This morning, I considered the idea of assurance and prayed,
“Dear Lord, I want to live assured.”
I thought how it may be to move through my day with a countenance of being sure.
How it might be to wear assurance as my jacket, to walk with the cadence of happy rhythmic step, and to speak in a way so sure I’d radiate belief, my cheeks ‘ablush from the knowledge of enough.
My countenance, sure and assured.
I looked towards the memories on my wall, the tiny angel with her book and a jelly jar full of feathers.
The beauty of it all, so much more than enough, I sit quietly in a settled place with sunsine stripes on the wall.
Yet, none of this is significant or of measurable value.
I could sell angel paintings, their shapes thick with paint and poised with grace and hope.
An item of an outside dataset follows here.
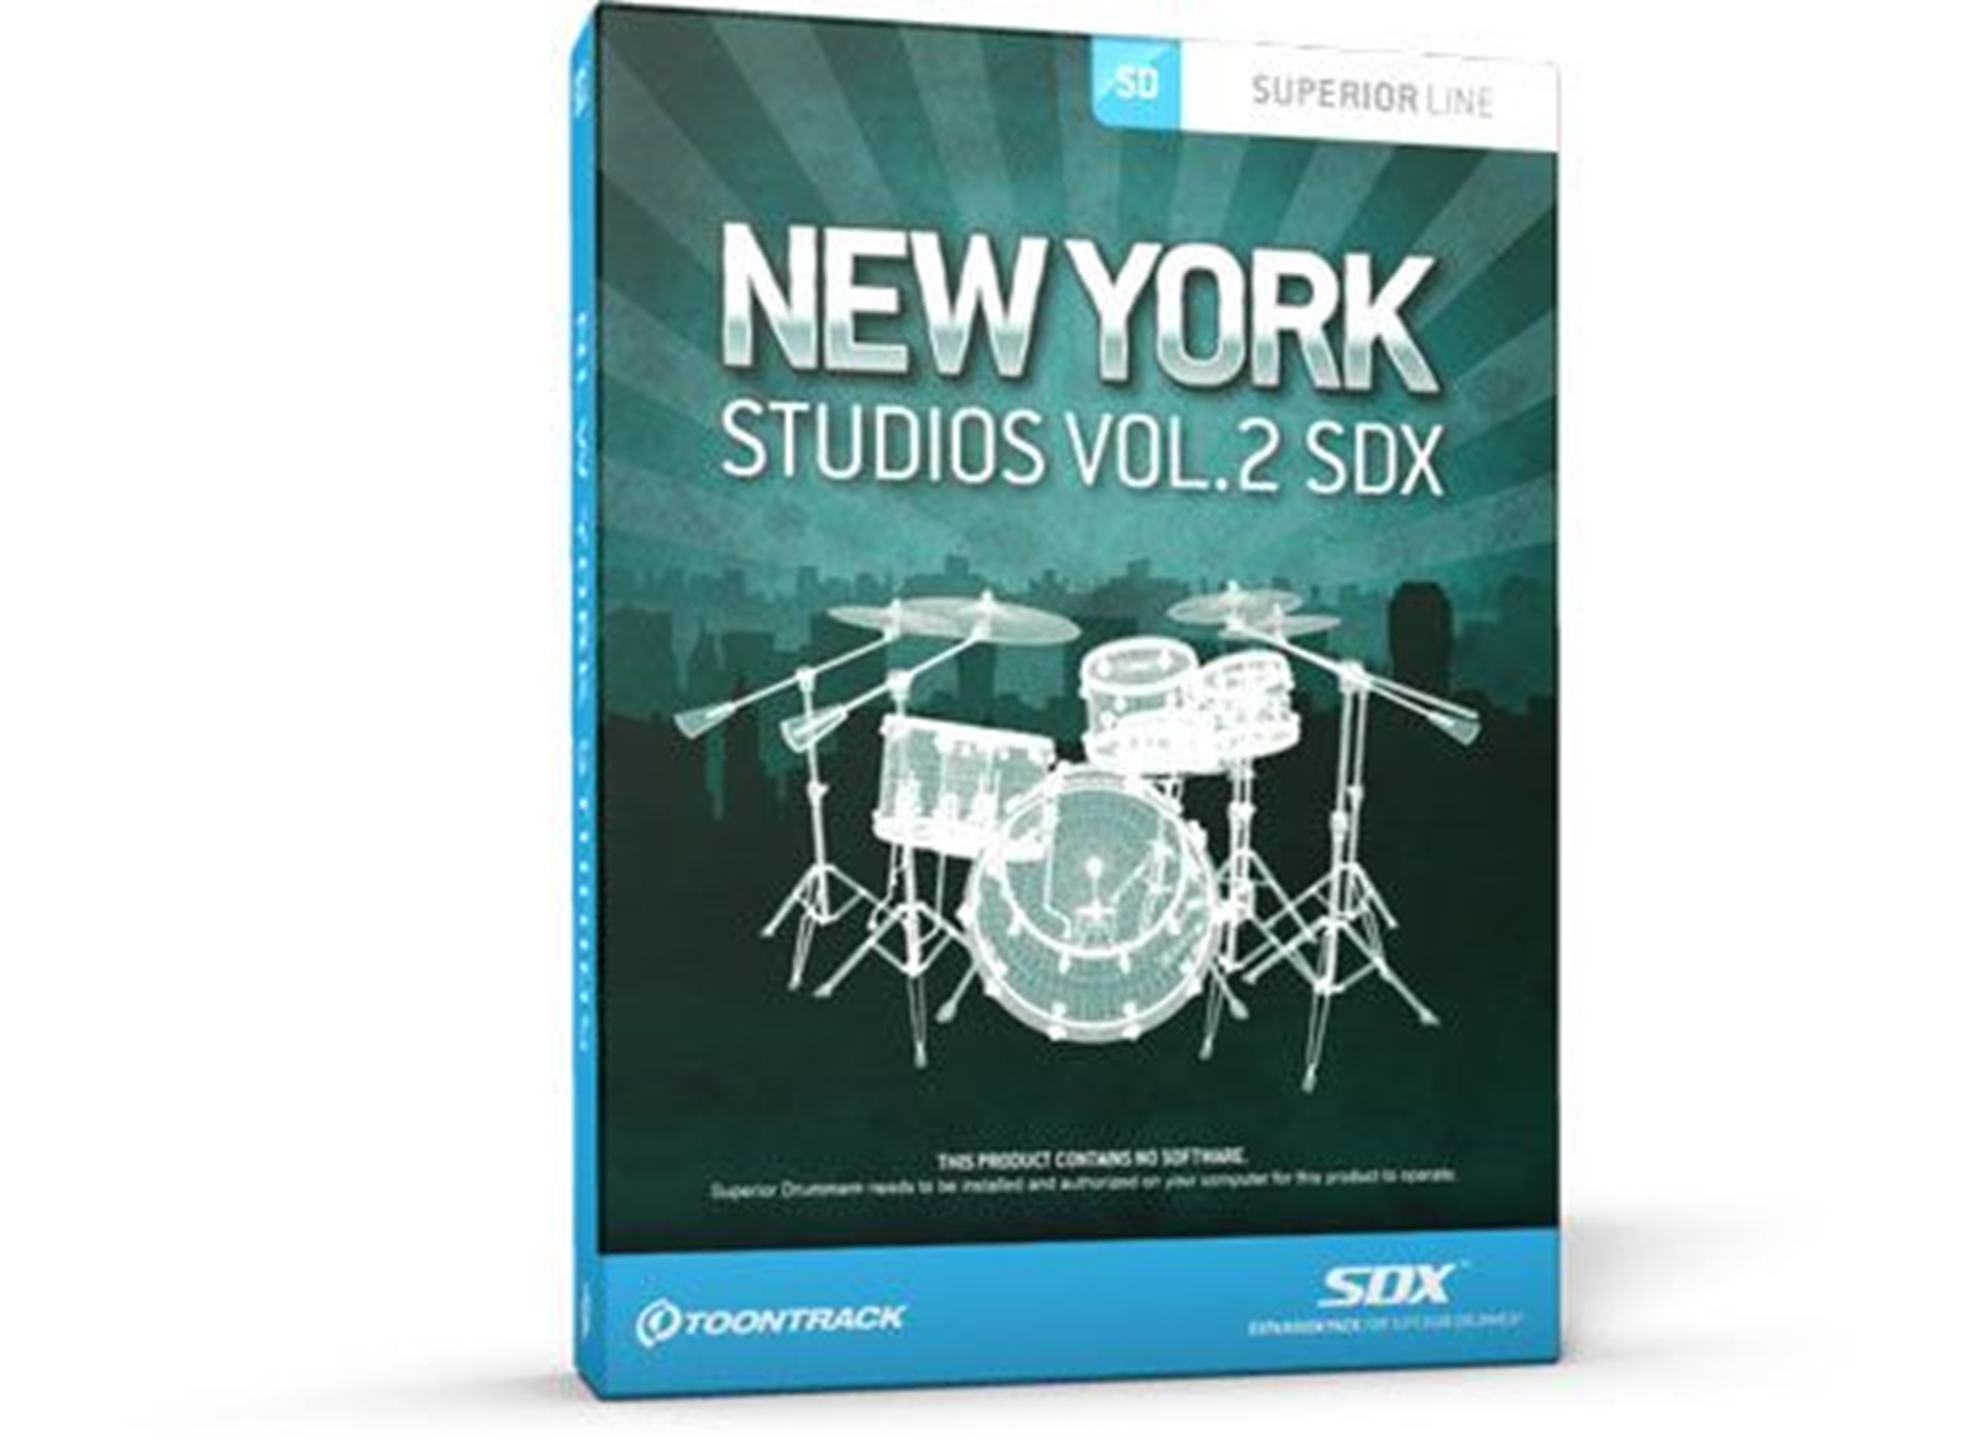 New York Studios Vol. 2 SDX

I could hear of the way they spoke to the buyer. I could publish the book God told me is my “treasure”, the one I’ve been brave enough to title. I could do these things and more and I’d be nothing more than accomplished without the assurance of a good, true and faithful God.
I’d rather be known by my faith. I’d rather be content in such a way I’d intrigue others to know how, why and could I?
My countenance, one of sure enough assurance and my expression so true, all will understand,
She means it when she says… it’s not me, but, God and it’s grace I don’t deserve but, I’m sure of.